Les présidents du Sénégal et de la Sierra Leone sont arrivés samedi à Bissau pour rencontrer les autorités de transition.
Cette visite s’inscrit dans une nouvelle mission diplomatique de la Communauté économique des États de l’Afrique de l’Ouest (Cédéao).
Elle intervient deux semaines après une première initiative régionale ayant permis la libération partielle de détenus politiques.

Une délégation présidentielle accueillie par les autorités militaires

Le président sierra-léonais Julius Maada Bio, président en exercice de la Cédéao, est arrivé le premier à Bissau.
Il a été accueilli par le général Horta N’Tam, chef de la transition.
Le président sénégalais Bassirou Diomaye Faye l’a rejoint quelques instants plus tard, avec le même protocole d’accueil.

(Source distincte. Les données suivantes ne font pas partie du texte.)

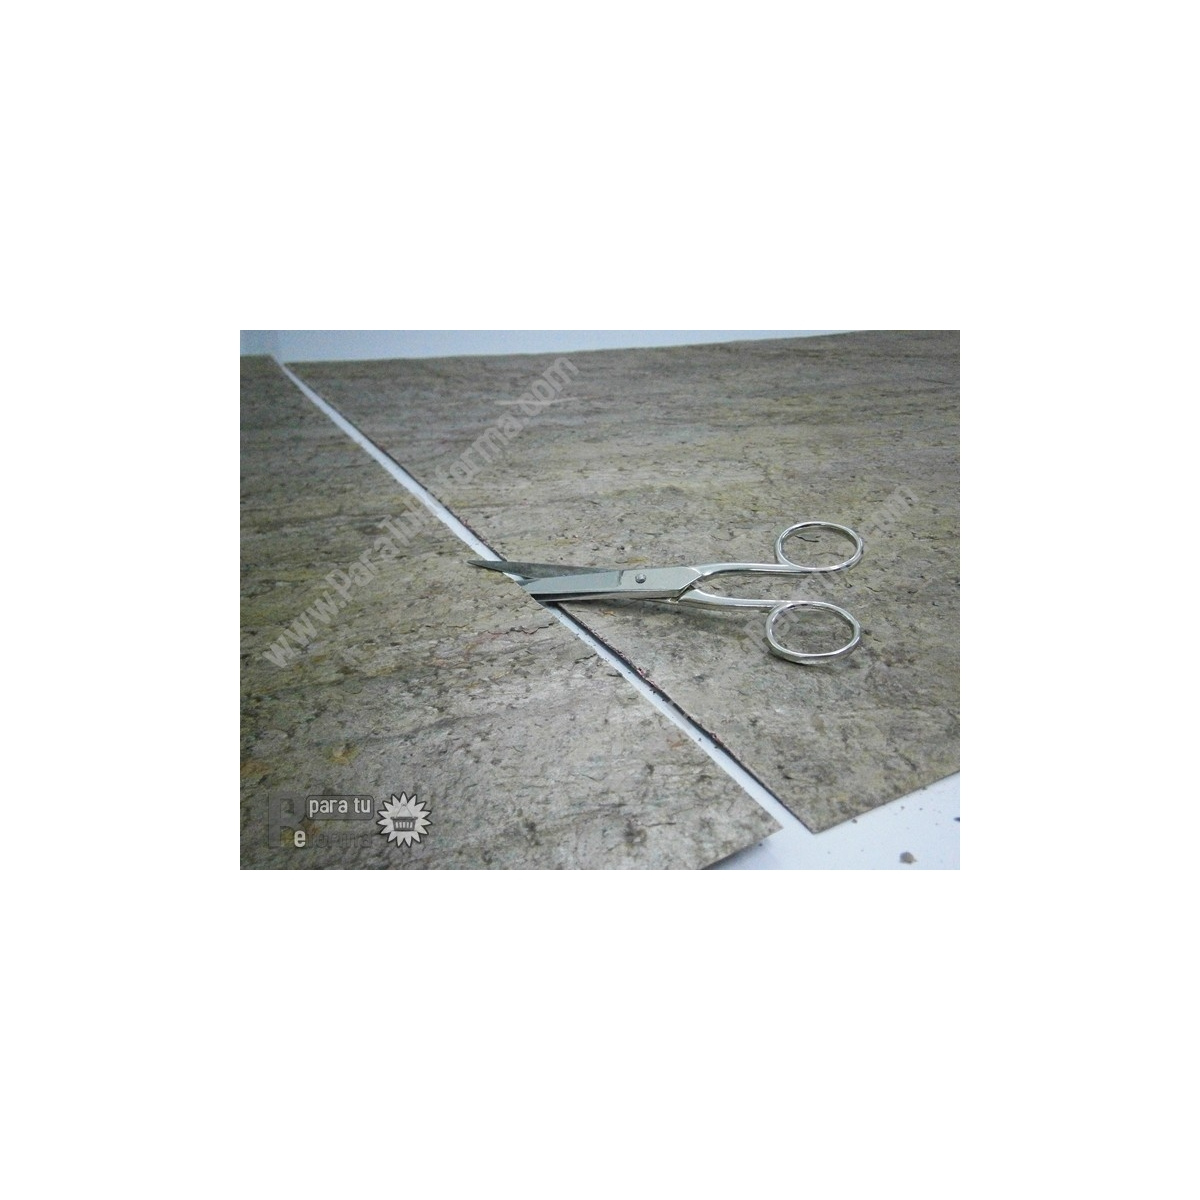 Pizarra natural flexible FS6004 / FT3004 - Revestimiento con Pizarra natural flexible

Une continuité diplomatique après des libérations partielles

Cette mission fait suite à la visite, le 22 décembre, du ministre sénégalais des Affaires étrangères Cheikh Niang.
Cette première démarche avait abouti à la libération de six proches de l’opposant Domingos Simões Pereira.
L’ancien président de l’Assemblée nationale populaire reste toutefois toujours en détention.

Un contexte de crise politique persistante

La Guinée-Bissau traverse une crise institutionnelle depuis le coup d’État du 26 novembre.
Ce renversement est intervenu à la veille de la proclamation des résultats de l’élection présidentielle.
Le président sortant et candidat Umaro Sissoco Embalo a depuis quitté le pays et vit en exil.

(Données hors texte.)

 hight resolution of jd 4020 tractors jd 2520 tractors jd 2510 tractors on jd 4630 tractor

Une transition militaire contestée

Le général Horta N’Tam a pris le pouvoir après l’interruption du processus électoral.
Il dirige une transition d’un an, avec un gouvernement nommé et une charte adoptée.
La Cédéao conteste ce calendrier et rejette la légitimité du régime issu du putsch.

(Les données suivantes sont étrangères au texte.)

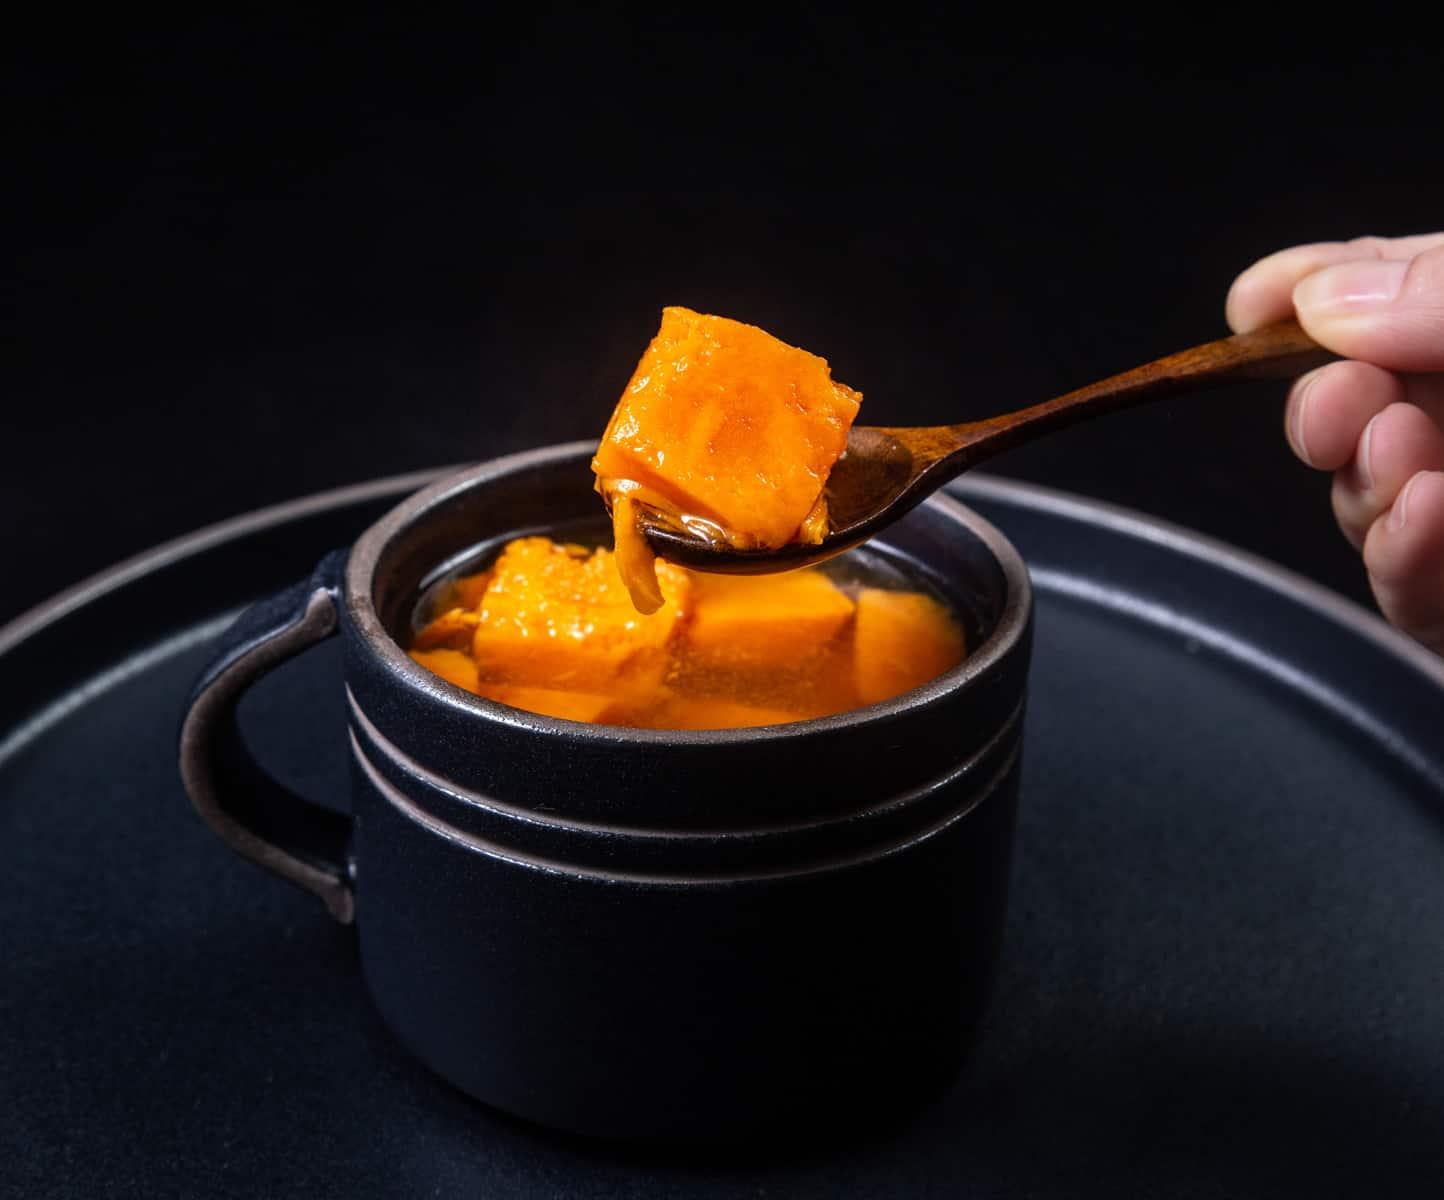 Instant Pot Chinese Sweet Potato Soup | 番薯糖水 | Pressure Cooker Chinese Sweet Potato Soup | 番薯姜糖水 | Sweet Potato Soup | Instant Pot Chinese Recipes | Instant Pot Dessert | Instant Pot Recipes | Instant Pot Soup

La situation de Domingos Simões Pereira au cœur des discussions

Domingos Simões Pereira, figure centrale de l’opposition, demeure incarcéré.
Il soutenait la candidature de Fernando Dias da Costa, qui revendiquait la victoire dès le lendemain du scrutin.
Ce dernier s’est réfugié à l’ambassade du Nigéria à Bissau pour sa sécurité.

Les exigences fermes de la Cédéao

La Cédéao affirme que l’élection du 23 novembre s’est déroulée dans des conditions jugées libres et transparentes.
L’organisation exige la libération immédiate de tous les prisonniers politiques.
Elle appelle à une transition courte, inclusive et respectueuse de l’ordre constitutionnel.

Menace de sanctions et poursuite des efforts régionaux

La Cédéao prévoit l’envoi de nouvelles missions de haut niveau à Bissau.
Elle menace d’imposer des sanctions ciblées contre toute entrave au processus de retour constitutionnel.
L’organisation appelle également l’Union africaine et les partenaires internationaux à soutenir ses décisions.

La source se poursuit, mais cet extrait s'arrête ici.